**What is expected:** Write again exactly the lines in the listing below, starting at the line with "Audi A4 Avant" and ending at the line with "Berlin_1983_Autonome_Gruppen_Faschismus_im_Kapitalismus_10", both included. Pictures are not copied.

**Supplied records:**
[Start of Attachment]

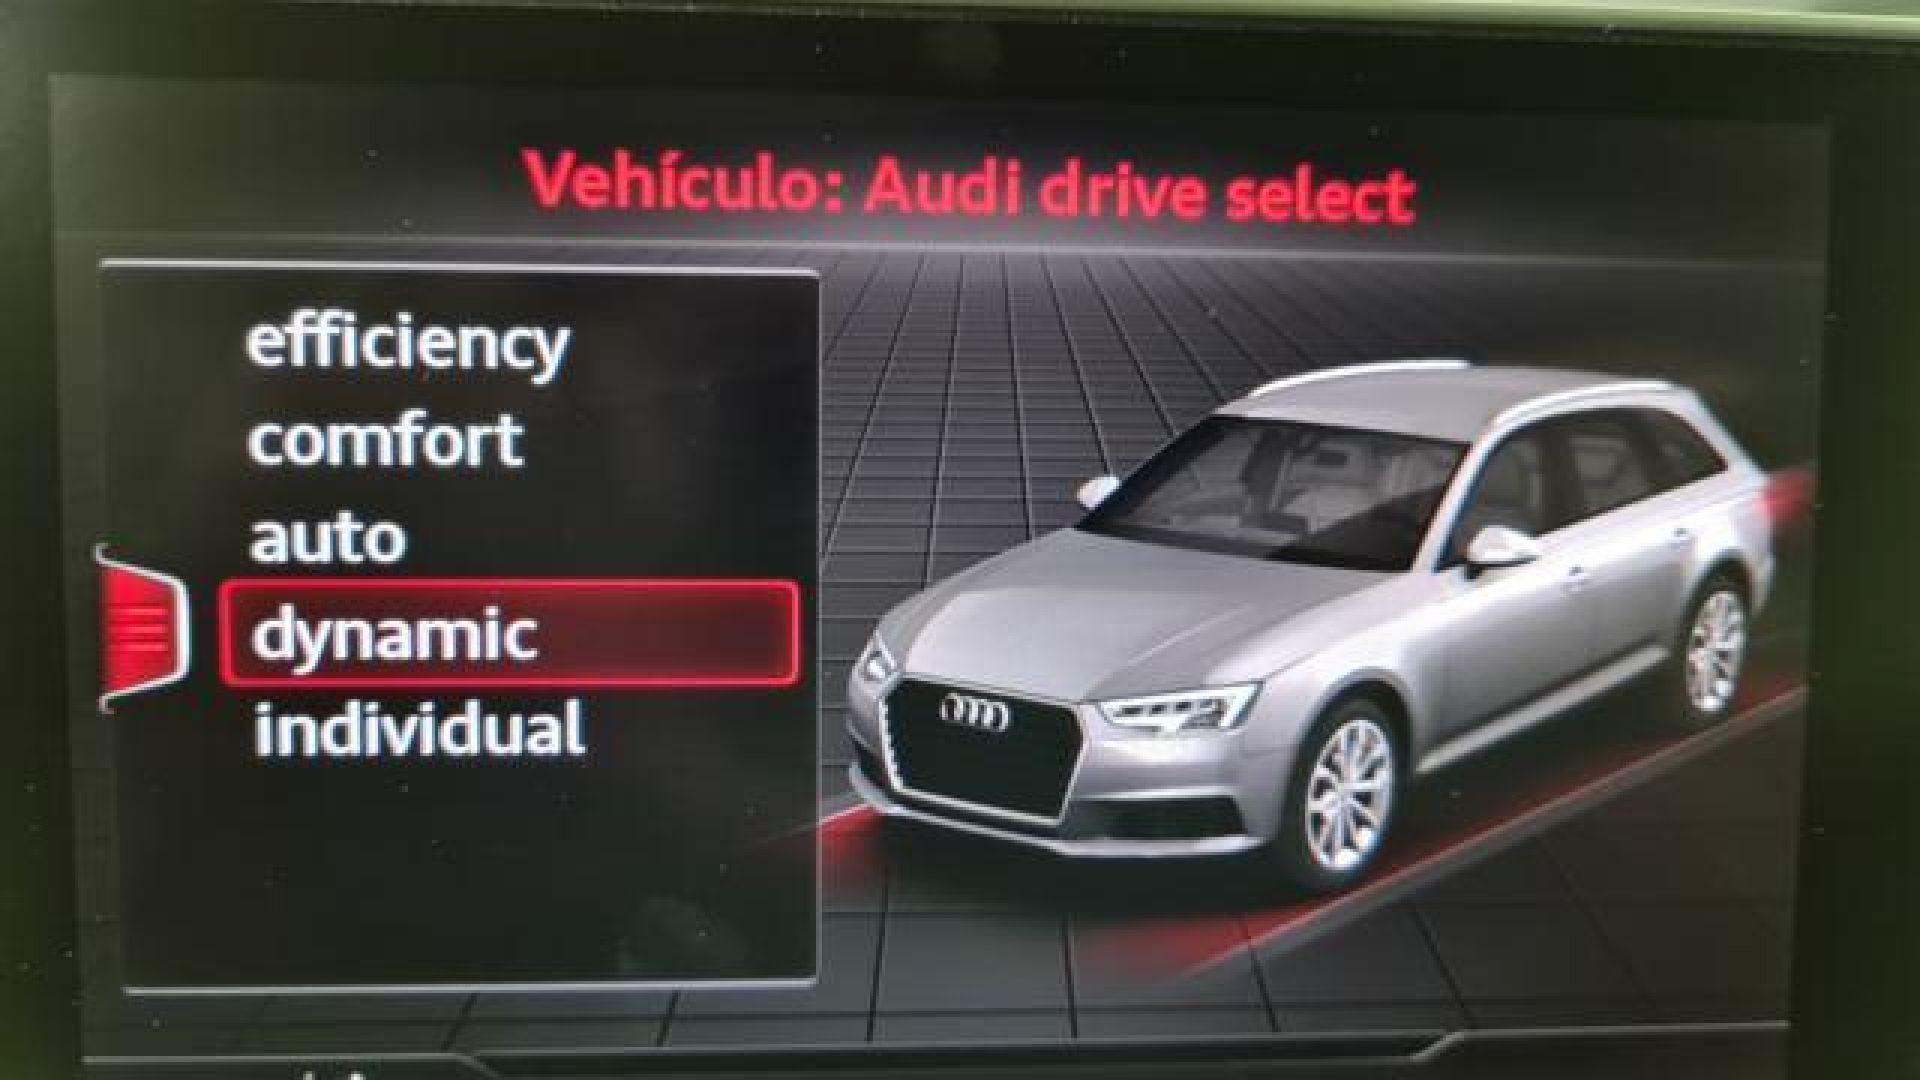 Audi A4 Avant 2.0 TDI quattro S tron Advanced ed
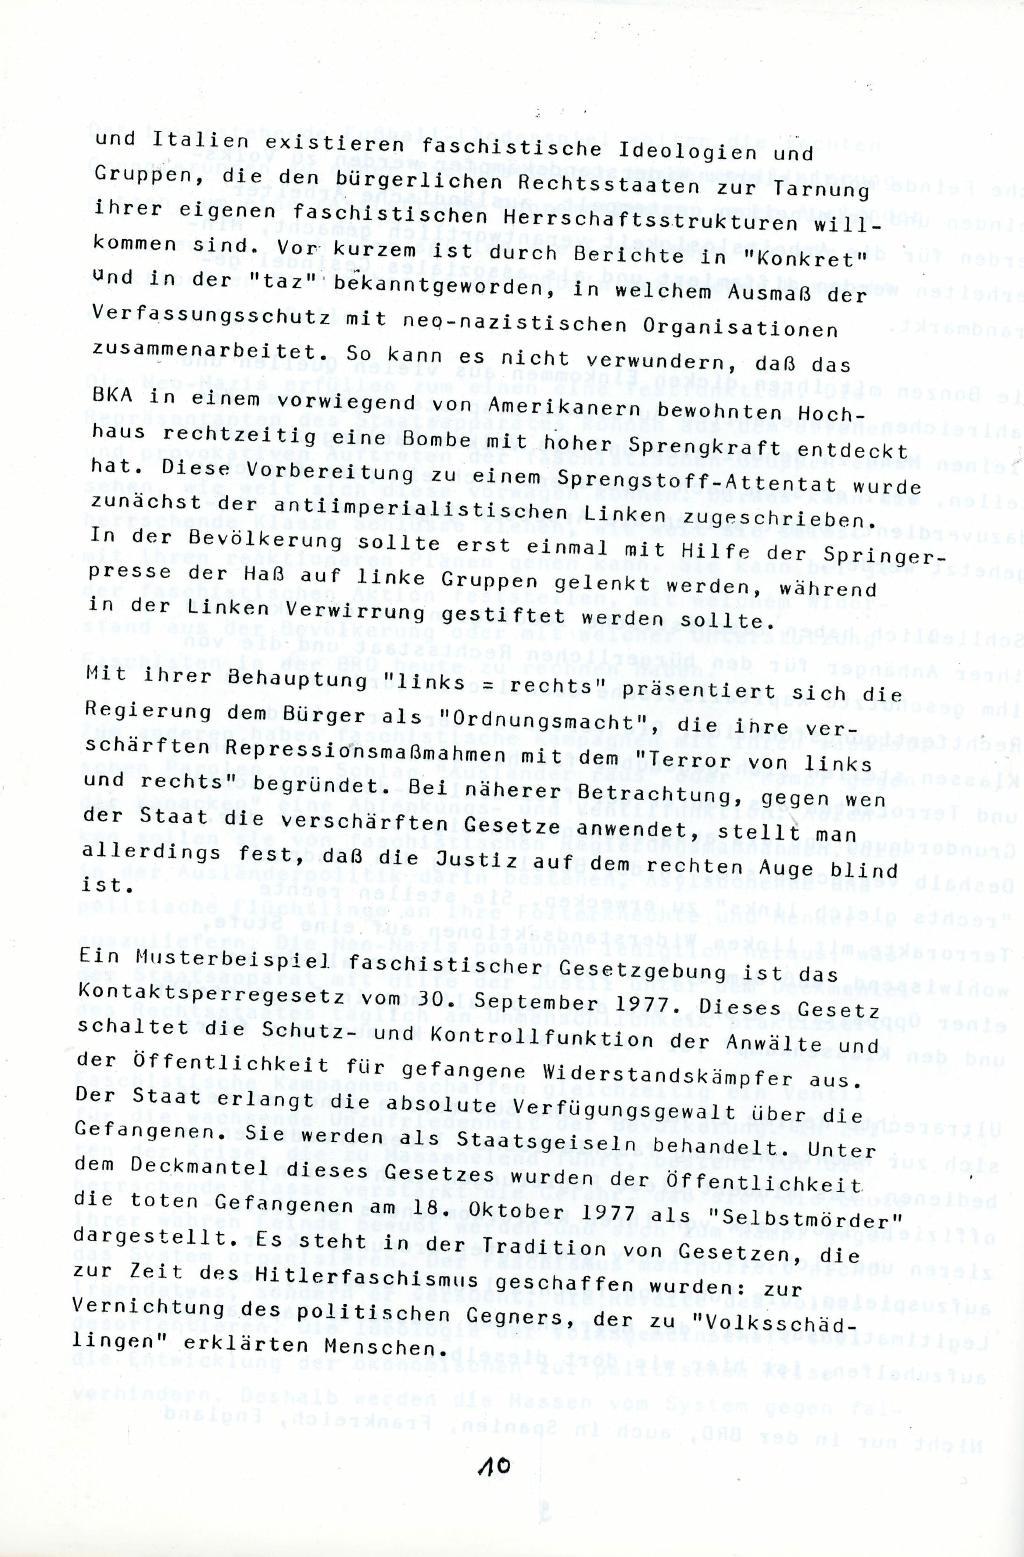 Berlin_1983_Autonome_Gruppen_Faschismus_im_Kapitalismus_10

[End of Attachment]
[Start of Attachment]

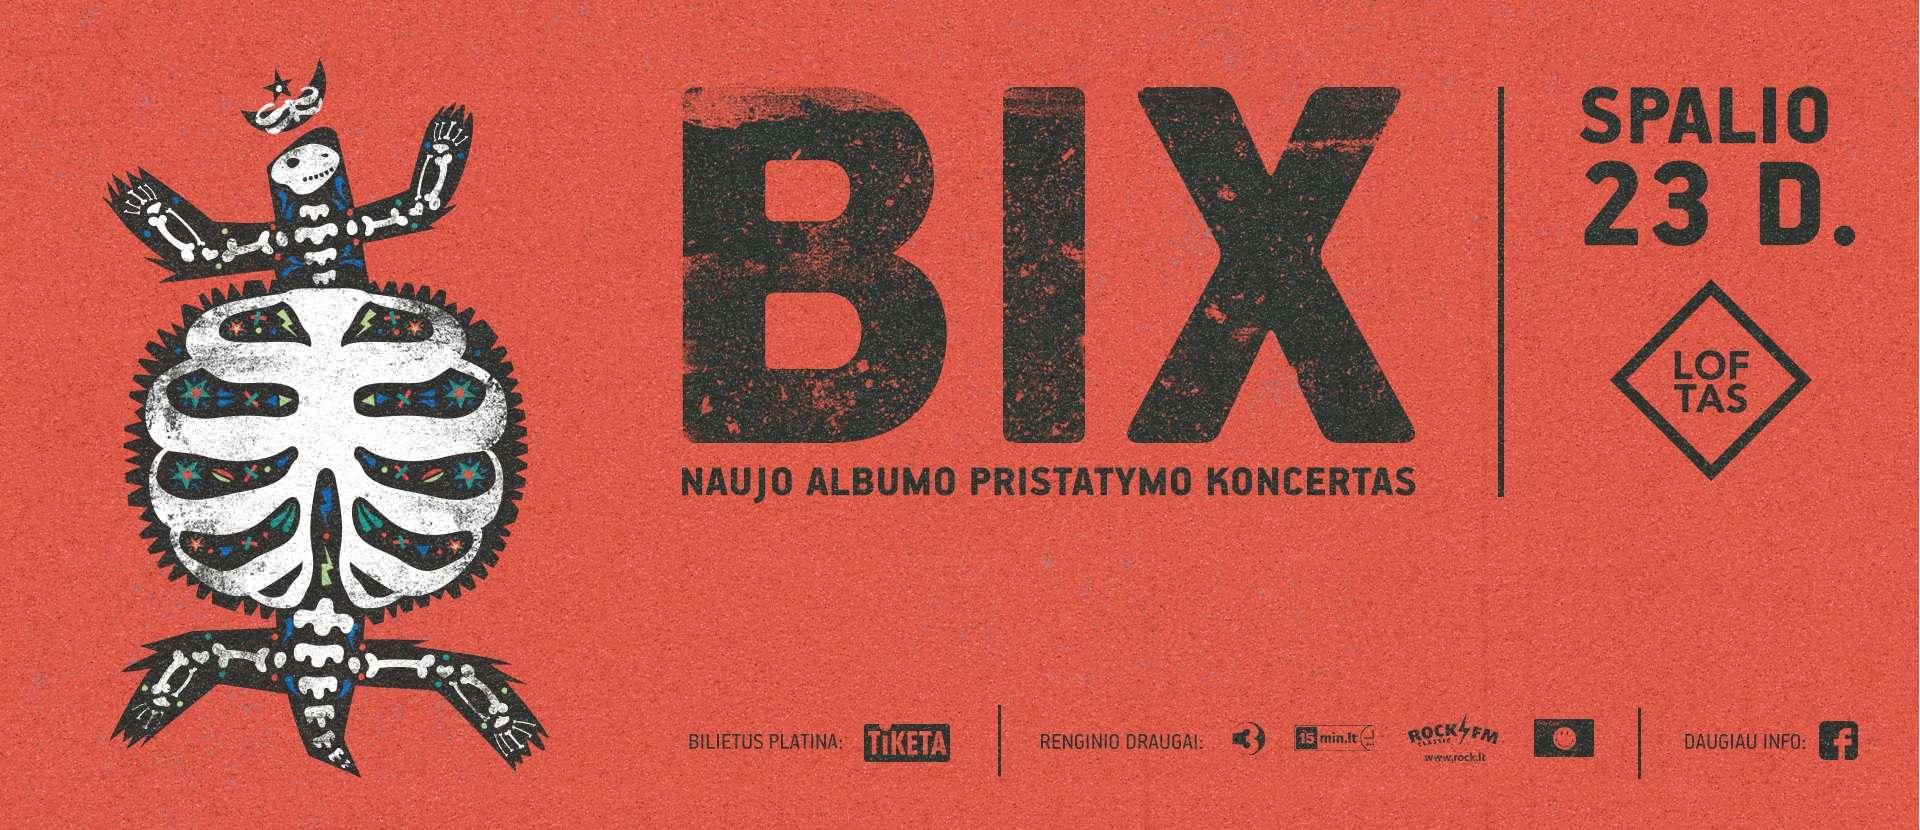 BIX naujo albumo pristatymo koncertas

[End of Attachment]

**Answer section:**
 Audi A4 Avant 2.0 TDI quattro S tron Advanced ed
 Berlin_1983_Autonome_Gruppen_Faschismus_im_Kapitalismus_10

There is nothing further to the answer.